As investigações revelam que o Banco Digimais utilizava manobras contábeis para ocultar cerca de R$ 480 milhões em créditos vencidos, transferindo ativos problemáticos para fundos ligados ao próprio banco e declarando resultados financeiros superiores aos reais, como o lucro de R$ 31 milhões no ano passado.
Relatórios do Banco Central apontam irregularidades como manipulação sistemática de balanços, supervalorização de ativos, geração de receitas fictícias e operações de crédito potencialmente ilegais, além de falsificação de dados nos sistemas oficiais de registro e fiscalização.
A Polícia Federal deflagrou, na manhã desta terça-feira (23), a Operação Miragem, que investiga suspeitas de fraudes contra o sistema financeiro nacional envolvendo o Banco Digimais. A instituição financeira pertence ao bispo Edir Macedo, fundador da Igreja Universal do Reino de Deus.
A ação, concentrada na capital paulista, conta com a participação de 50 policiais federais, que cumprem nove mandados de busca e apreensão expedidos pela Justiça Federal. Até o momento, não há ordens de prisão sendo executadas na operação.
Como parte das medidas judiciais autorizadas, foram bloqueados mais de R$ 670 milhões em bens e ativos dos investigados. O foco principal da apuração policial é verificar a ocorrência de crimes como fraude contábil, gestão fraudulenta e manipulação de demonstrações financeiras por parte da diretoria do banco.
Até o momento da publicação desta matéria, o Banco Digimais não havia se pronunciado oficialmente sobre a operação em andamento.
O Esquema de Ocultação e a Manobra Contábil
As investigações apontam que o Banco Digimais utilizava manobras contábeis para maquiar sua real saúde financeira. De acordo com as apurações da Polícia Federal, a instituição financeira transferia carteiras de crédito com altos índices de inadimplência para fundos de investimento dos quais o próprio banco participava.
Esse mecanismo retirava os ativos problemáticos de seu balanço oficial de forma irregular.
Estima-se que essa engrenagem financeira tenha ocultado aproximadamente R$ 480 milhões em créditos vencidos, permitindo que a instituição apresentasse resultados financeiros melhores do que os reais. O Digimais declarou um lucro de aproximadamente R$ 31 milhões no ano passado, resultado que agora está sendo questionado pelos investigadores.
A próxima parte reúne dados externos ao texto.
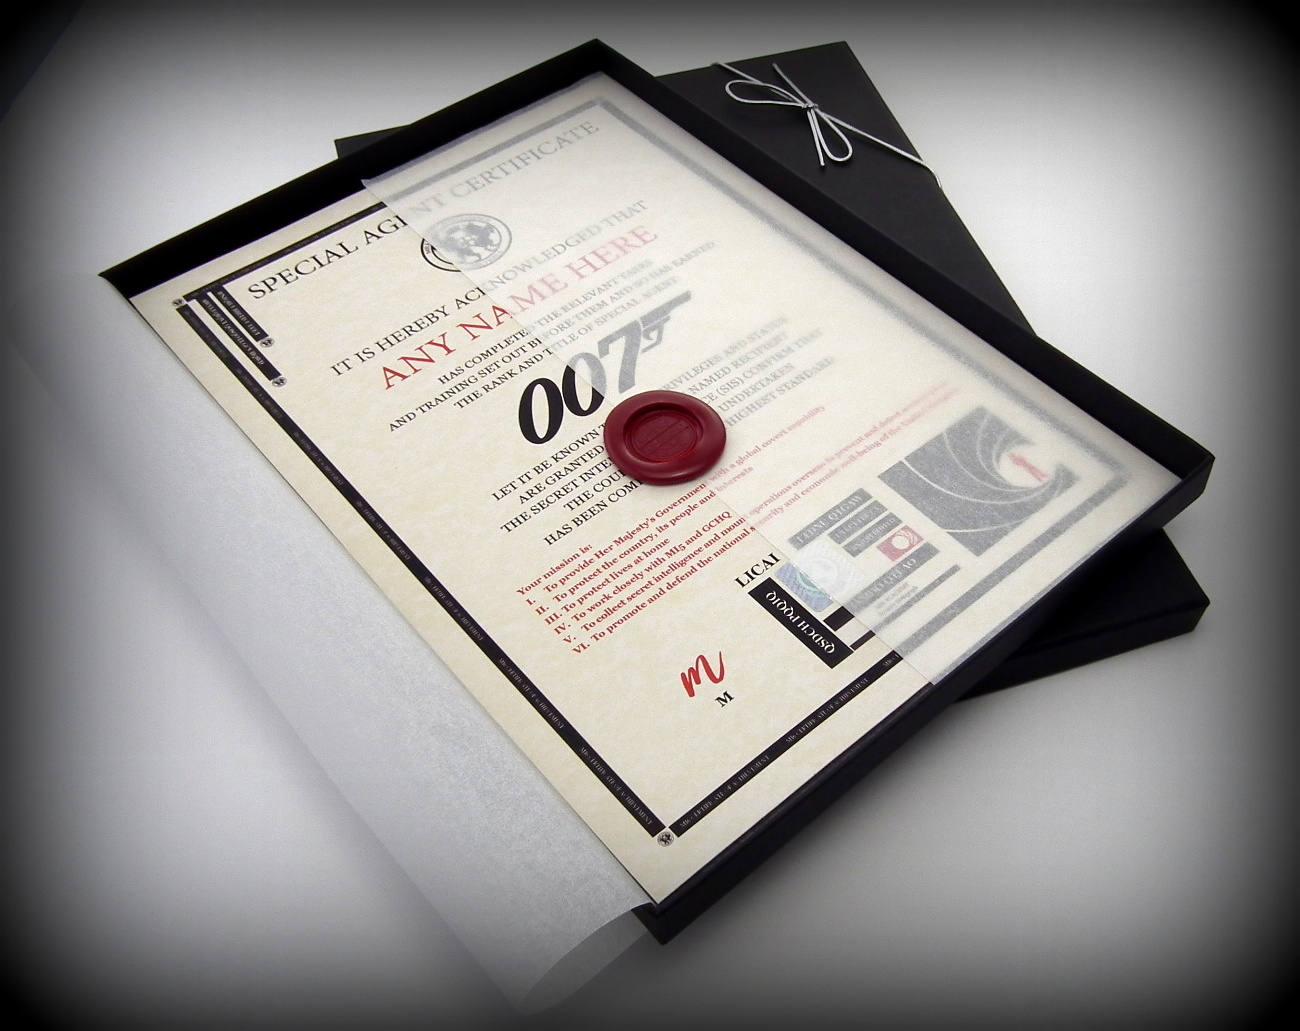 Deluxe James Bond 007 Zertifikat in einem Luxus-Geschenk-Box

Ação do Banco Central e Irregularidades Regulatórias
A operação da Polícia Federal é fortemente subsidiada por relatórios técnicos produzidos pelo Banco Central (BC). O órgão regulador identificou diversas irregularidades na condução dos negócios da instituição financeira, apontando que os dados e balanços do Digimais eram sistematicamente manipulados.
Conforme apontado pelo BC, essa prática fraudulenta permitia a supervalorização artificial de ativos e a consequente geração de receitas fictícias que somam centenas de milhões de reais.
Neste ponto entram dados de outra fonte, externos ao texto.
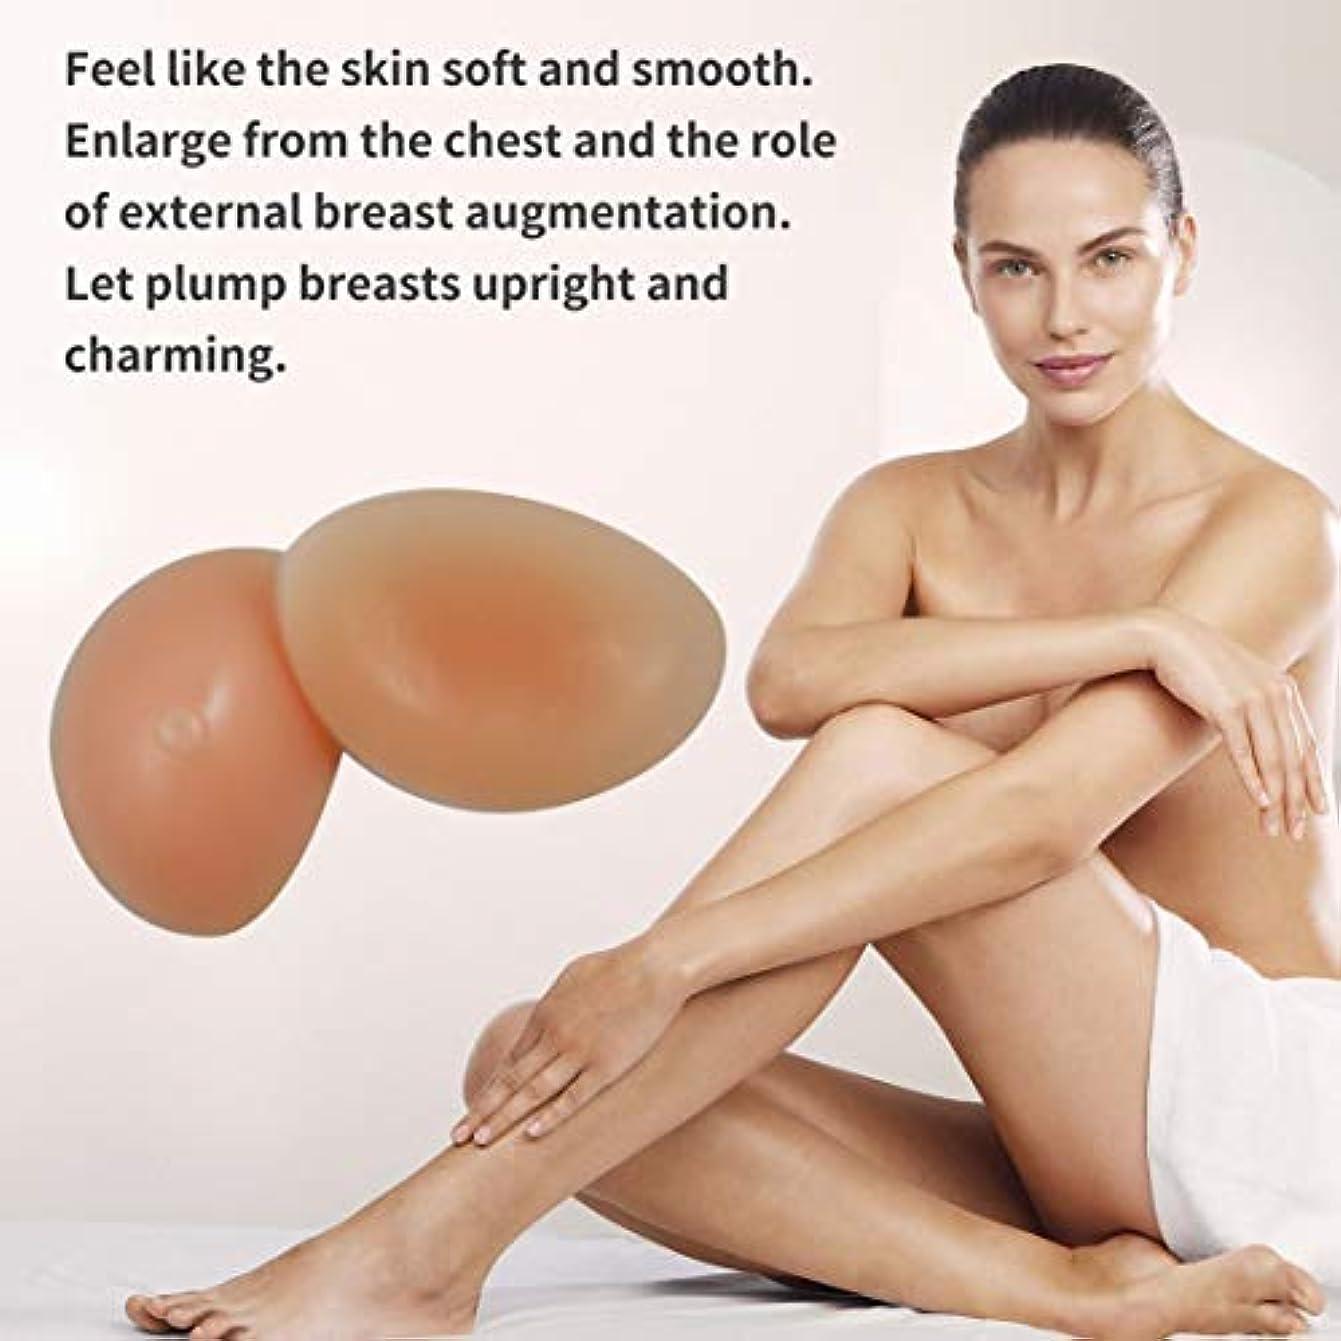 バーターリールいろいろシリコーンフォーム偽乳房エンハンサープッシュアップパッドブースターブラインサート人工乳房リアルな防水シリコーン乳房フォーム

Além da manipulação das demonstrações financeiras, a Polícia Federal apura a realização de operações de crédito potencialmente ilegais desenhadas para beneficiar diretamente a empresa controladora do banco.
Também estão sob escrutínio condutas de falsificação e inserção de dados falsificados nos sistemas oficiais de registro mantidos pelo Banco Central para fins de controle e fiscalização.